Posted: Thu May 16, 2013 10:43 am
by KathTheDragon
All it means is we never got the core vocab that we did get, plus whatever orthographical nightmares came with.

Re: What if William the Conquerer had been defeated in Hasti

Posted: Thu May 16, 2013 6:16 pm
by dhok
I suspect modern English would look and sound like a West Germanic version of the Scandinavian languages.

Perhaps another question would be what would have happened if the Danes had conquered beyond the Danelaw...would Danish be the equivalent of French in vocabulary overlay?

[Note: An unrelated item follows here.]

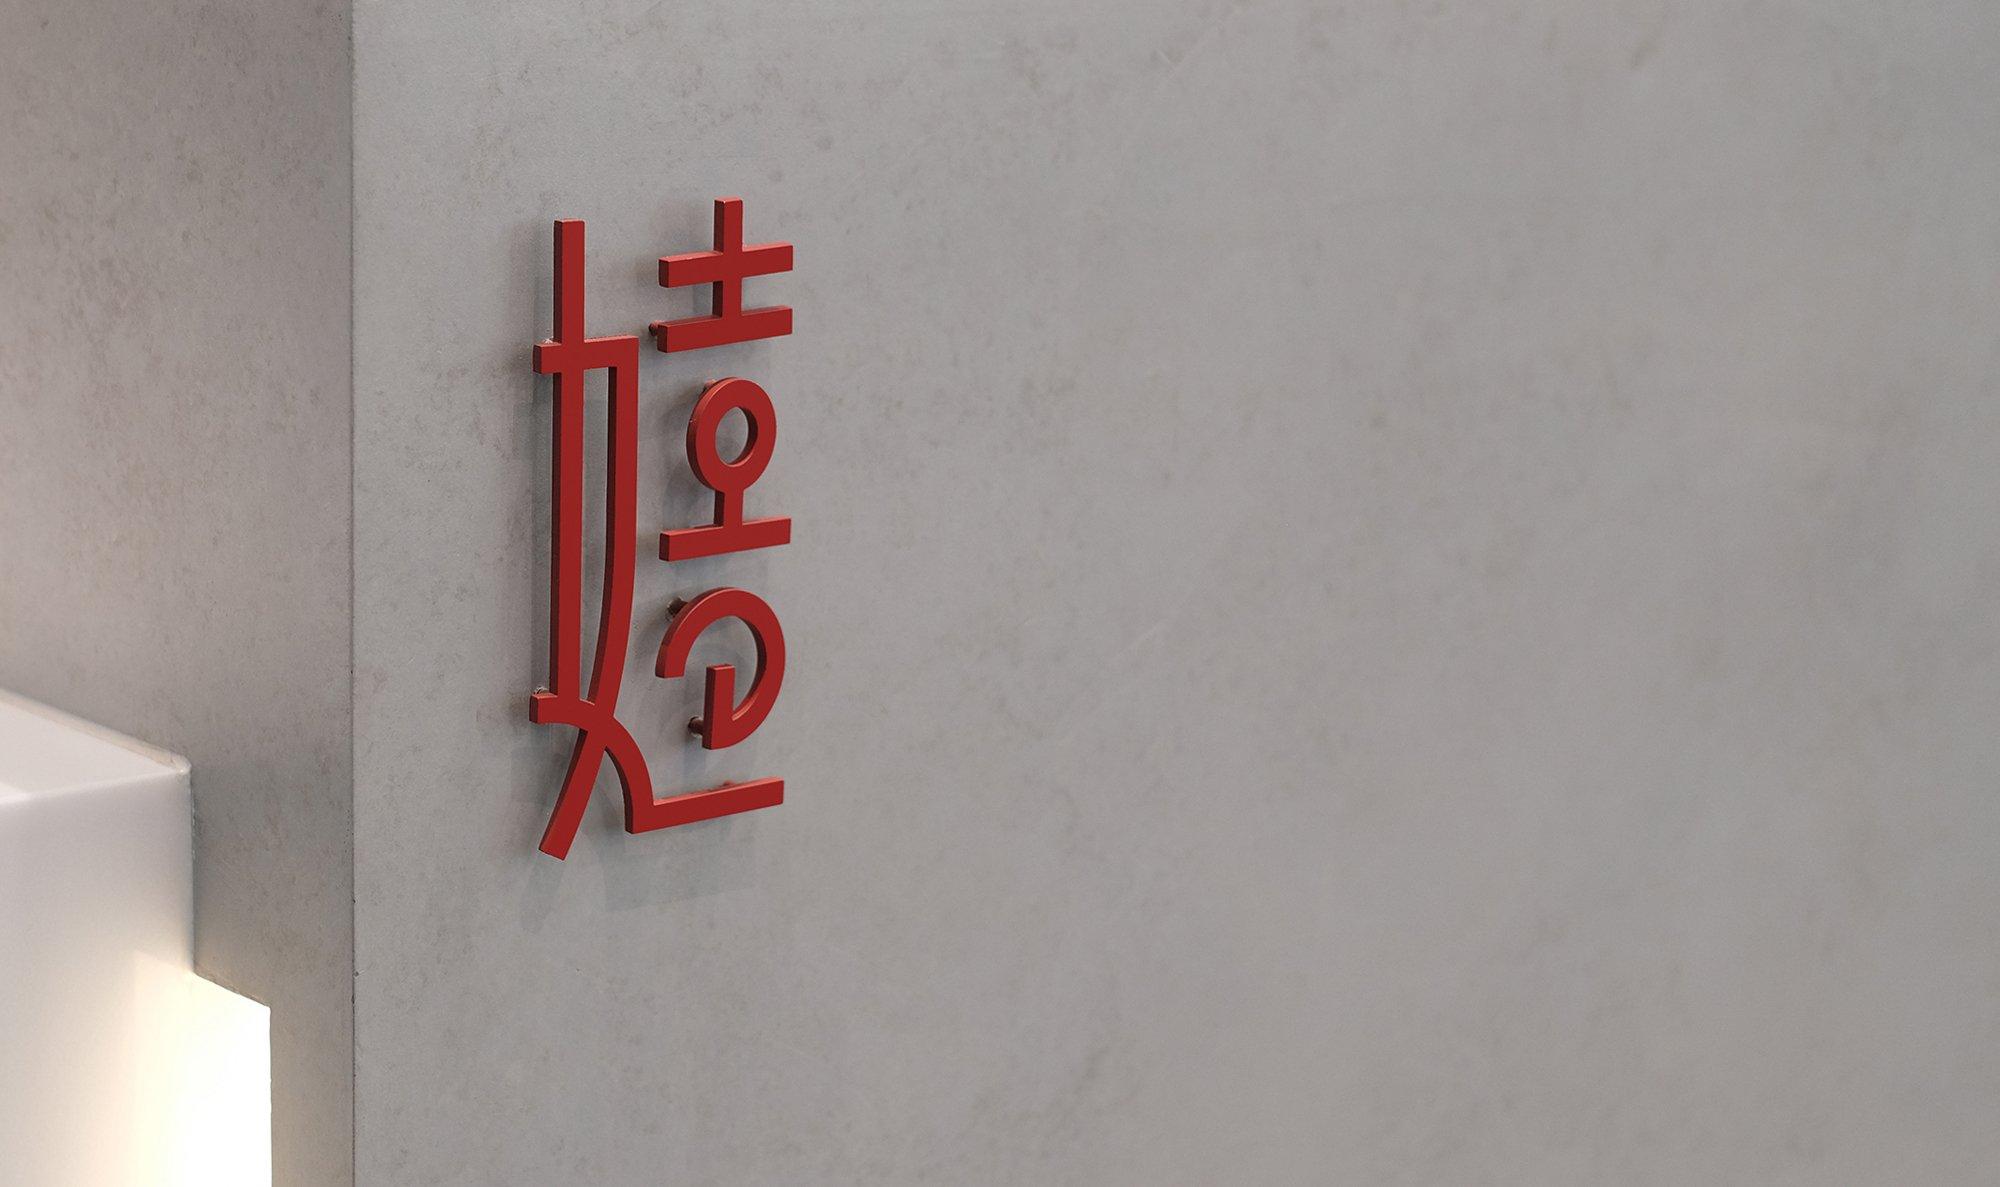 台中Hotel嬉行旅Hotel Si品牌識別設計
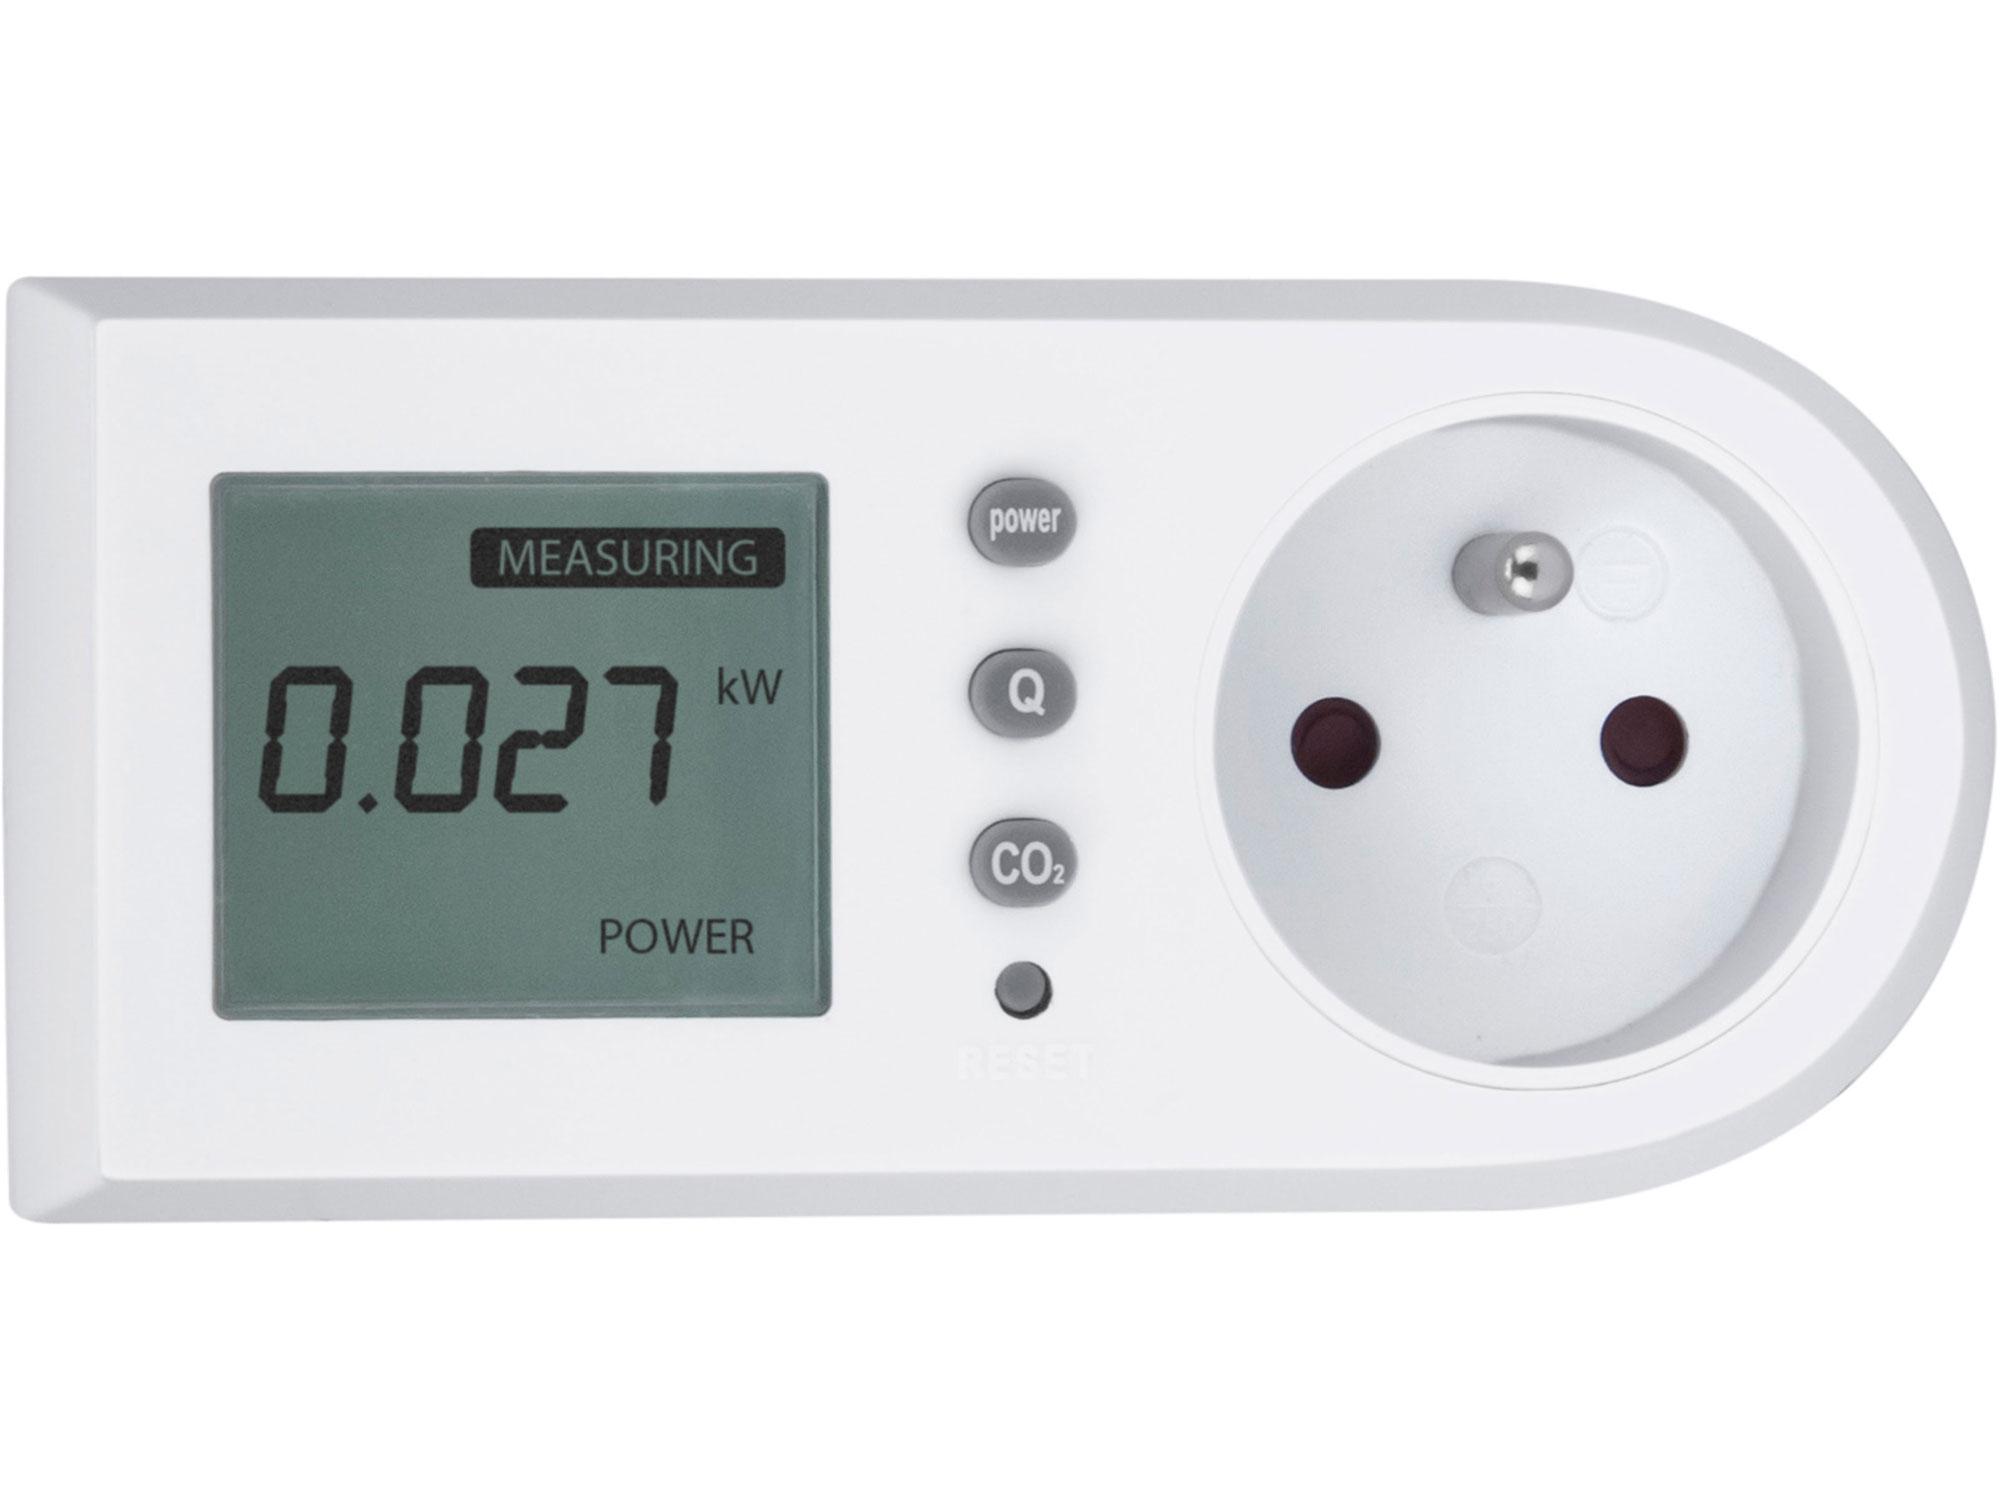 Měřič spotřeby el. energie - wattmetr, kW, kWh, CO2 EXTOL LIGHT 43900

Re: What if William the Conquerer had been defeated in Hasti

Posted: Thu May 16, 2013 6:47 pm
by bulbaquil
KathAveara wrote:All it means is we never got the core vocab that we did get, plus whatever orthographical nightmares came with.
This is the most important part.

Re: What if William the Conquerer had been defeated in Hasti

Posted: Fri May 17, 2013 4:16 am
by Pangloss
Tolkien believed (rightly, in my meaning) that the French overwinning was a fearful goatsong for the English wordhoard.

Re: What if William the Conquerer had been defeated in Hasti

Posted: Fri May 17, 2013 10:19 am
by communistplot
FearfulJesuit wrote:I suspect modern English would look and sound like a West Germanic version of the Scandinavian languages.

Perhaps another question would be what would have happened if the Danes had conquered beyond the Danelaw...would Danish be the equivalent of French in vocabulary overlay?
Or if the Norwegians had won Stamford Bridge.